There is such a thing as a Scottish highland tiger. But it just looks like a big house cat... I personally don't think that looks like a cat at all. Wrong facial shape... But we will see!


----------



## HABU (Mar 21, 2007)

otter skulls...


----------



## em_40 (Sep 29, 2010)

Hmm, this one was in May and this one Is this the beast of Cornwall? Remains of 'big cat' found in pond after reports of predator killing ducks | Mail Online was in March... They look rather similar though not exact, it's thought the first is an otter and the second was supposedly a badger. 'Experts' didn't think that either were feline, I don't think (but that's going by the comments)


----------



## Lewis M (Aug 6, 2009)

YOGI BEAR said:


> i have seen them 3 times and my relatives have also seen them, they are black and about the size of a labrador has anyone on here seen them
> 
> this is not a troll i genuinely have seen them


Alan Carr : Tooth Fairy - YouTube


----------



## brittone05 (Sep 29, 2006)

When we first moved to Norfolk, we were driving through Downham Market industrial estate at about 1am on our way to the new house and on the side of the road was a large cat type animal eating a road kill deer. It was maybe the size of a large dog, beige/tan kind of colour with high set pointed ears. Never found out what is was x


----------



## joeyboy (Jul 19, 2008)

Quite a few years ago I was sure I saw something akin to a black puma/panther on the North Yorkshire moors, well an area of pine forest. I was a passenger in a car and some distance from the road at the tree line I saw a large black animal sprinting along the edge of this tree line. I know the issue with distance is that you can't accurately judge the size of the animal but it just seemed a lot bigger then a black domestic cat (we weren't exactly near any homes either) and the way it was sprinting along seemed different to how I envisage a dog running. The limbs seemed more elongated and stretched out quite far as it ran, where as say if you look at a wolf running, it's quite different.

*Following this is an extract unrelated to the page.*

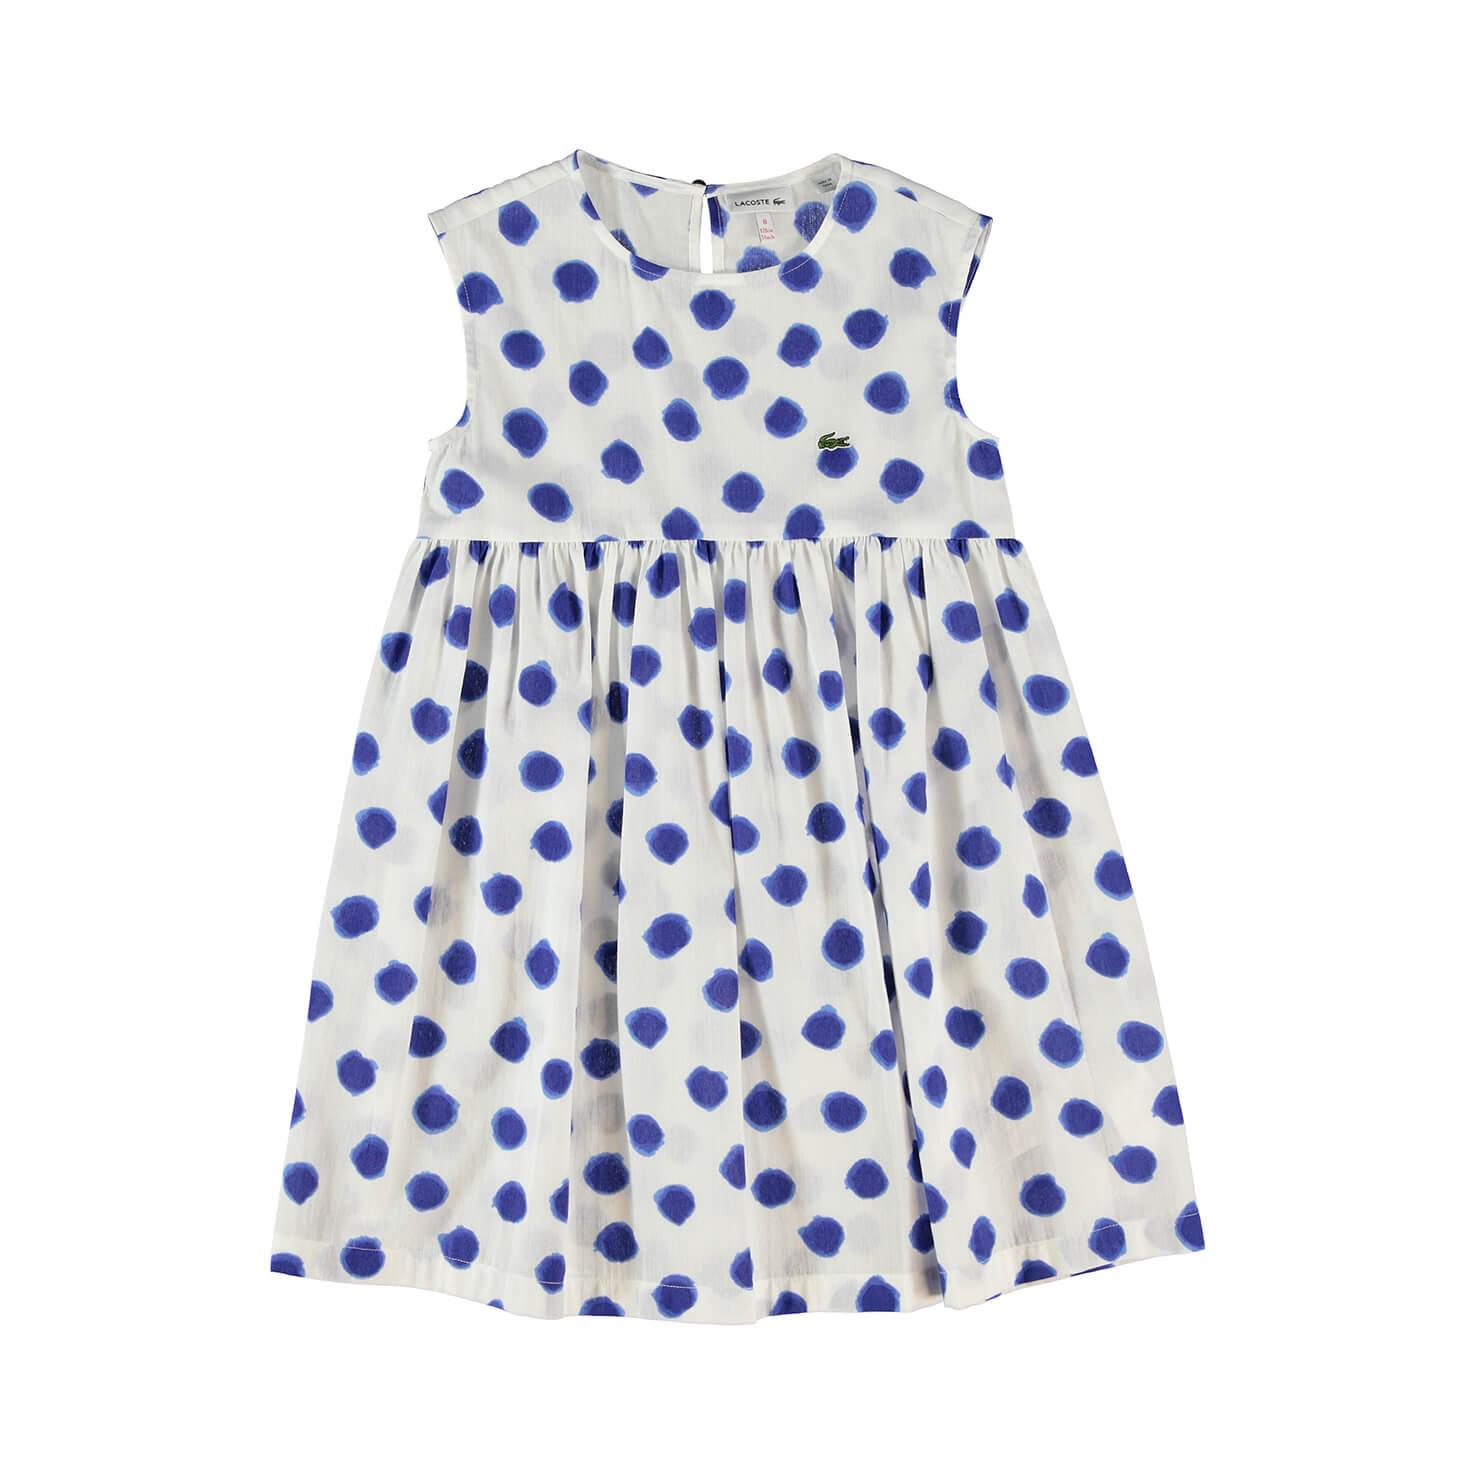 Платье LacosteДетское<br>Детали: стильное платье с принтом и круглым вырезом \ Материал: 100% хлопок \ Страна производства: Китай

May have just big one hell of a stray cat mind, who knows..


----------



## YOGI BEAR (Jun 3, 2012)

joeyboy said:


> Quite a few years ago I was sure I saw something akin to a black puma/panther on the North Yorkshire moors, well an area of pine forest. I was a passenger in a car and some distance from the road at the tree line I saw a large black animal sprinting along the edge of this tree line. I know the issue with distance is that you can't accurately judge the size of the animal but it just seemed a lot bigger then a black domestic cat (we weren't exactly near any homes either) and the way it was sprinting along seemed different to how I envisage a dog running. The limbs seemed more elongated and stretched out quite far as it ran, where as say if you look at a wolf running, it's quite different.
> 
> May have just big one hell of a stray cat mind, who knows..

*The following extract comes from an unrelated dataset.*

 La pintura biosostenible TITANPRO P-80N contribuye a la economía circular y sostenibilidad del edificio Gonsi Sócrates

its nice to know im not the only one on here, i saw one from a car, one while hill walking and one very close to where i live(on more than one ocasion), in the area i saw it my dog quite often acts strange and fearful, but it did get scared by a carrot one time so...:whistling2:


----------



## StaneyWid (Jun 2, 2012)

YOGI BEAR said:


> its nice to know im not the only one on here, i saw one from a car, one while hill walking and one very close to where i live(on more than one ocasion), in the area i saw it my dog quite often acts strange and fearful, but it did get scared by a carrot one time so...:whistling2:


Was it greenock by anychance :whistling2: 

On the backroad btween the port n greenock i seen one! :whistling2:


----------



## StaneyWid (Jun 2, 2012)

But dont fret Yogi! All the taxi drivers up johnstone n roundabout the area talk about the "Big Black Cats" good few others i know have said theyve seen something/Knows someone who has!

Lets catch it :whistling2:


----------



## varanus87 (Jan 30, 2012)

Don't knw if I too late but that is definitely not a cat or nething feline my money is on a stray dog or a badger ....... But definitely not a cat of any fashion .... Trust me ....:2thumb:


----------



## YOGI BEAR (Jun 3, 2012)

actually i live further north near forest and farmland, good luck catching the beast of greenock:Na_Na_Na_Na:


----------



## StaneyWid (Jun 2, 2012)

A stray dog or a badger ?? :whistling2:



Nah ur right it wasnt a big cat,it was a unicorn :devil:


----------



## StaneyWid (Jun 2, 2012)

N a dog in the wild? In glasgow you having a laugh ? 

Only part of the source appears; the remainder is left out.